Table 12 Quantitative comparison of this work with previously published methods

Then, the overall ranking results of different methods are presented in Table 12. It is clear that the same best and worst alternatives are generated, which supports the effectiveness of the proposed method. However, there are some differences in the ranking order. The main reason is that previous methods (Chen 2019; Haktanır and Kahraman 2019) ignore the correlative characteristics among criteria and DMs, whereas the proposed method considers the positive or negative influences contained in the fuzzy measure. It can be concluded that our method is more reasonable and effective.

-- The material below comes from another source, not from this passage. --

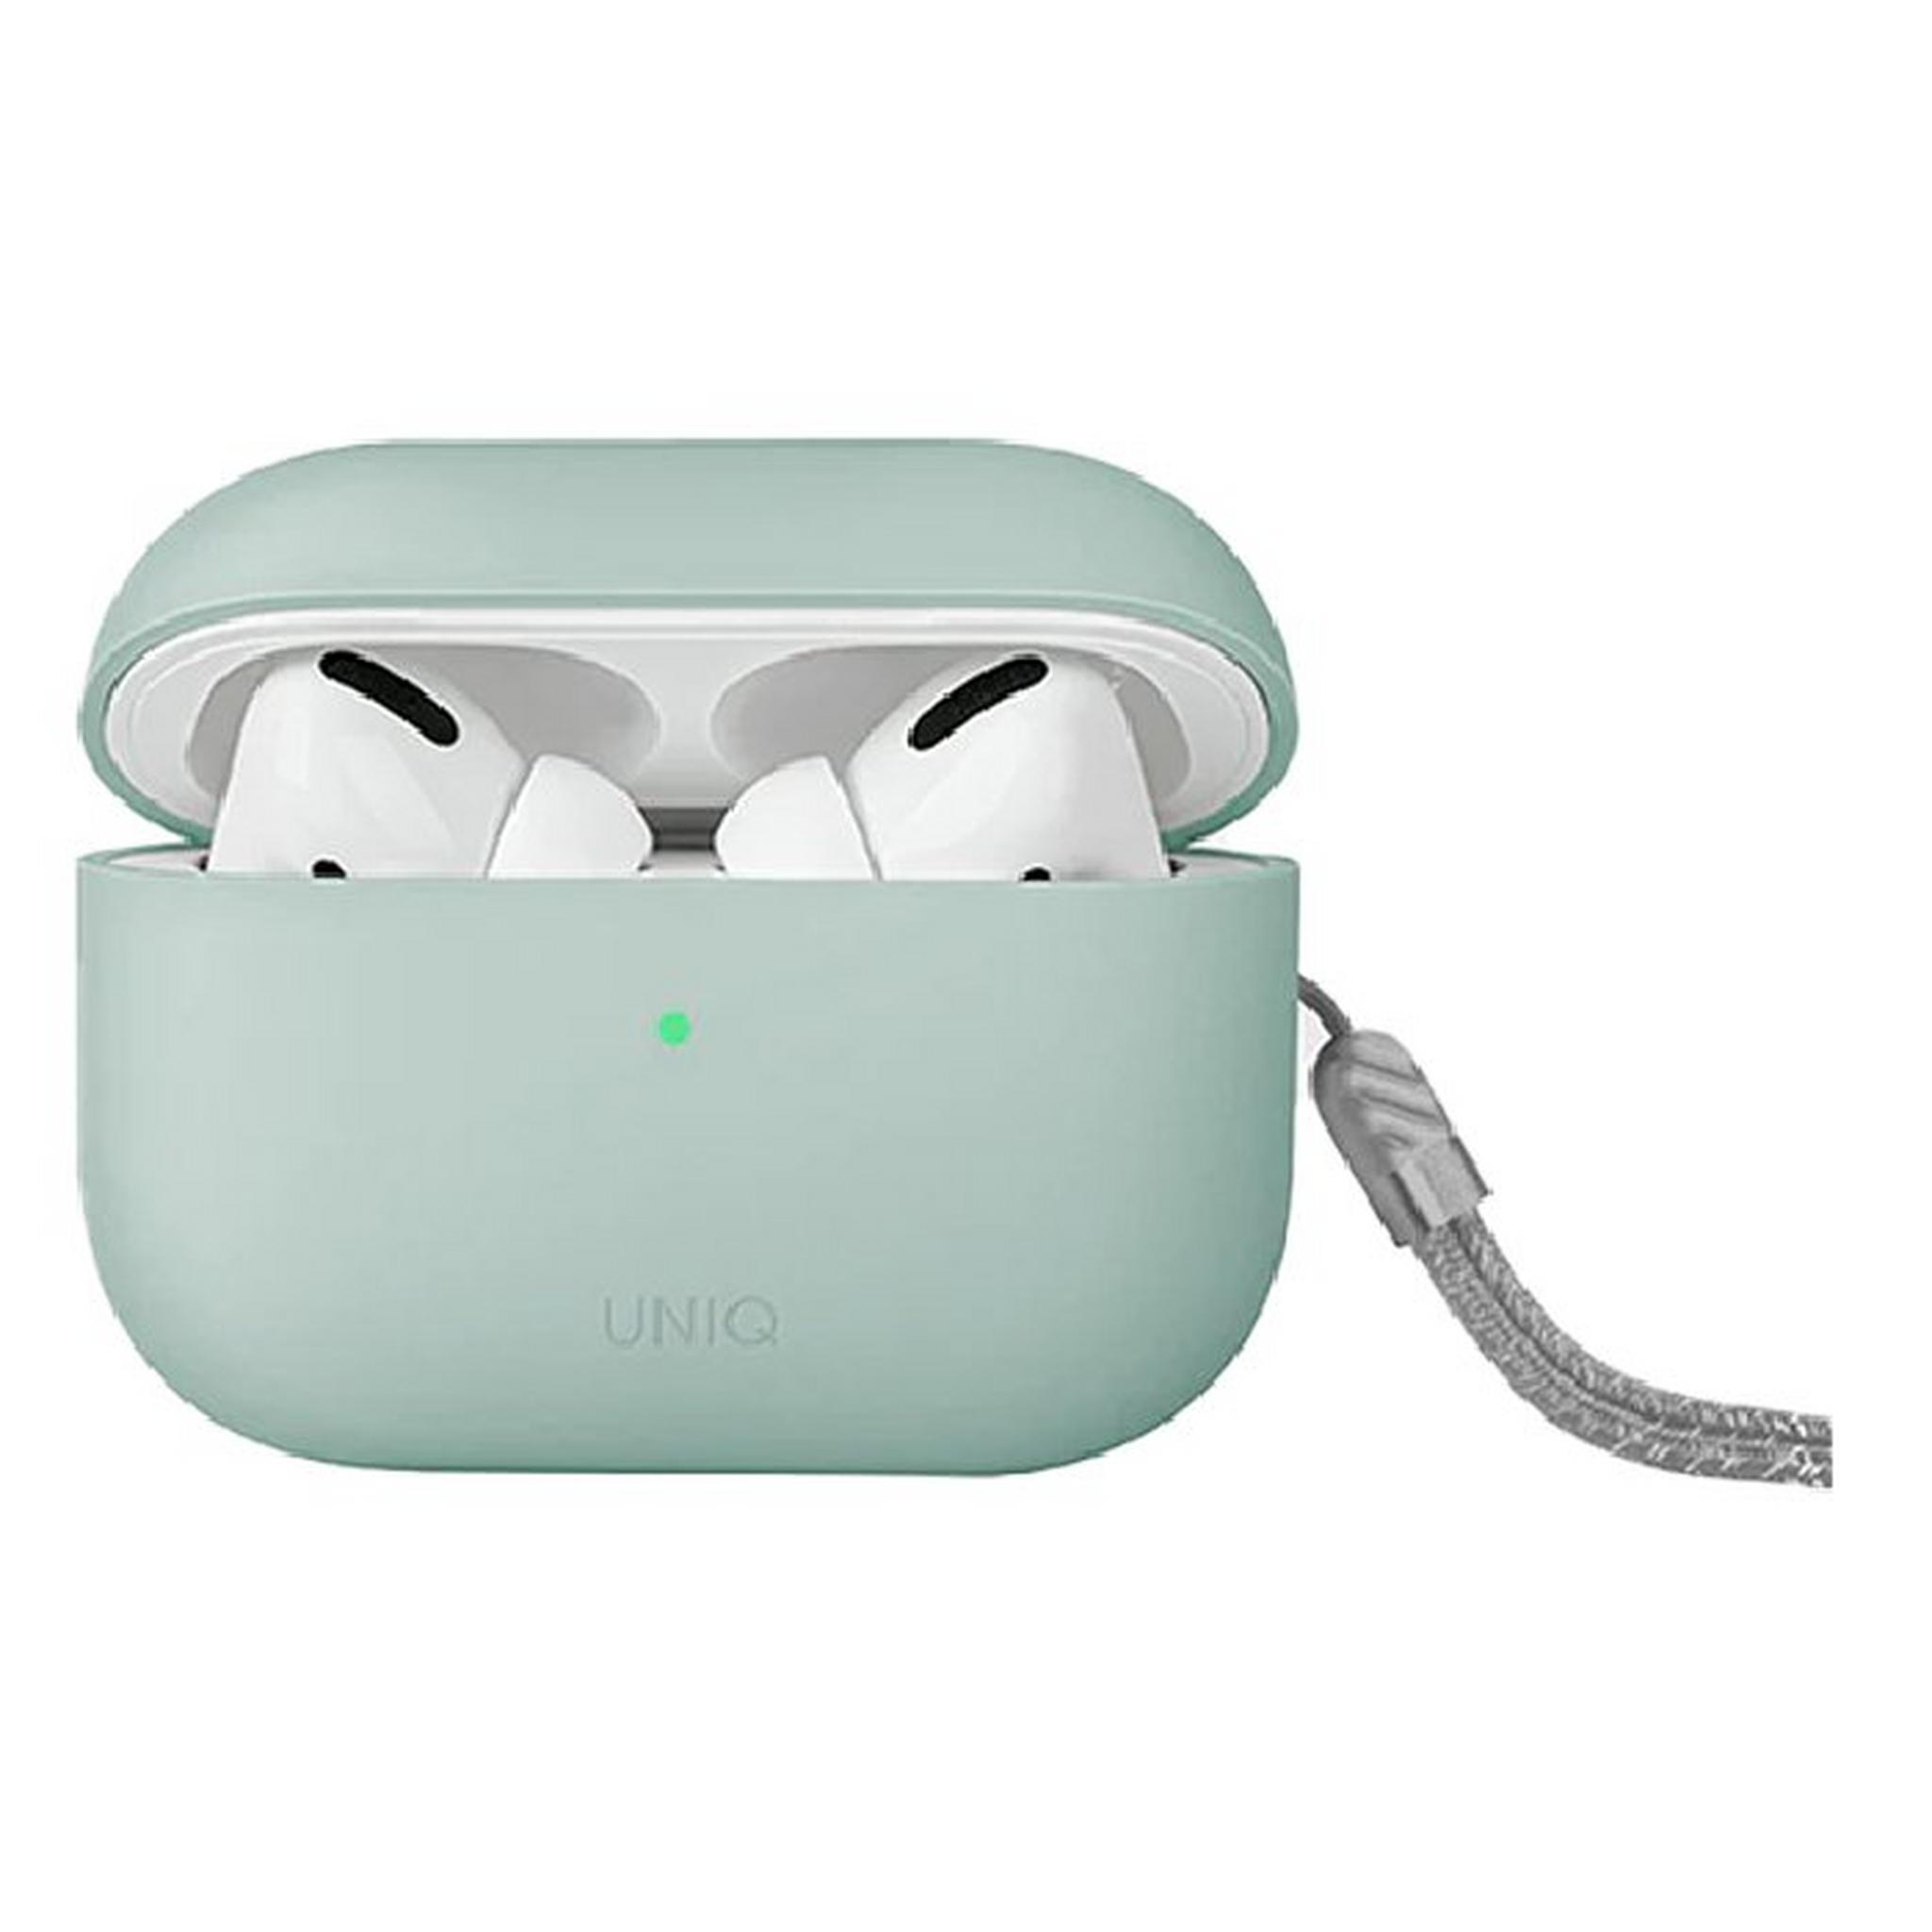 Uniq Lino Silicon Case For Airpods Pro 2 - Green

However, it is not convincing enough to demonstrate the effectiveness of our method with a single calculation. Therefore, we conduct the following simulation experiment with the same case in Section 5. MATLAB is used to generate 10000 sets of criteria weights randomly. Afterward, these six methods in Table 12 are applied to determine the alternative ranking. Then, we analyze the proportion of each alternative in the final ranking under these methods, which is shown in Fig. 7.

Fig. 7

a, b, c, d, e, and f represent the percentages of alternatives in the highest rank in Chen (2019), Fei and Feng (2021), Long et al. (2021), Bakioglu and Atahan (2021), Haktanır and Kahraman (2019), and the proposed method, respectively

We can observe from Fig. 7 that the largest proportion of alternatives with the highest ranking determined by each method is \(a_1\), which further illustrates the effectiveness of our method. Besides, we also found that in the proposed method, the alternative with the largest percentage has an obvious advantage: the percentage of \(a_1\) in the highest rank in our method is 89%, which is larger than the percentages obtained with other methods (i.e., 78% in Chen (2019), 73% in Fei and Feng (2021), 81% in Long et al. (2021), 77% in Bakioglu and Atahan (2021), and 68% in Haktanır and Kahraman (2019)). As a result, compared with other methods, our approach can better distinguish the ranking of alternatives.

6 Conclusion

This paper develops an extended IVPF-PROMETHEE method based on the generalized Shapley value with a consensus-reaching process for MCGDM problems. The novelty and implications of this work are summarized as follows:

1. (1)

   IVPFS is utilized to handle vague and uncertain decision information. The generalized Shapley value is firstly extended into the IVPF environment, which can comprehensively reflect the importance of input arguments and globally depict the mutual influences among them.

2. (2)

   The weights of criteria and DMs are determined using the generalized Shapley value by simultaneously considering the importance of the element itself and the overall influence from the other elements; this allows flexible characterization of realistic MCGDM situations.

3. (3)

   The classical operators of IVPFS are built on the principle of nonnegative additive set function. However, ignoring the interaction effect in the aggregation process may lead to confusing results. Thus, IVPFCA and IVPFSA operators are developed to reflect the global importance of the factors and the interactions among them.

4. (4)

   We establish an integrated consensus-reaching model by integrating the IDR-based approach and the optimization model. Ultimately, the maximum consensus improvement can be achieved to reduce the conflicts within the group.

5. (5)

   For the first time, the generalized Shapley index and IVPFS are introduced into the classical PROME-THEE method to overcome the limitations of additive measures and to better handle imprecise decision information.

This paper describes the construction of a comprehensive framework on CRP for MCGDM problems. The proposed method could be tuned further to address problems in more complex situations, such as large-scale MCGDM problems. Furthermore, owing to the diverse backgrounds of the experts, they tend to utilize different evaluation structures to represent their opinions. Therefore, it would be interesting to study heterogeneous MCGDM problems in subsequent research.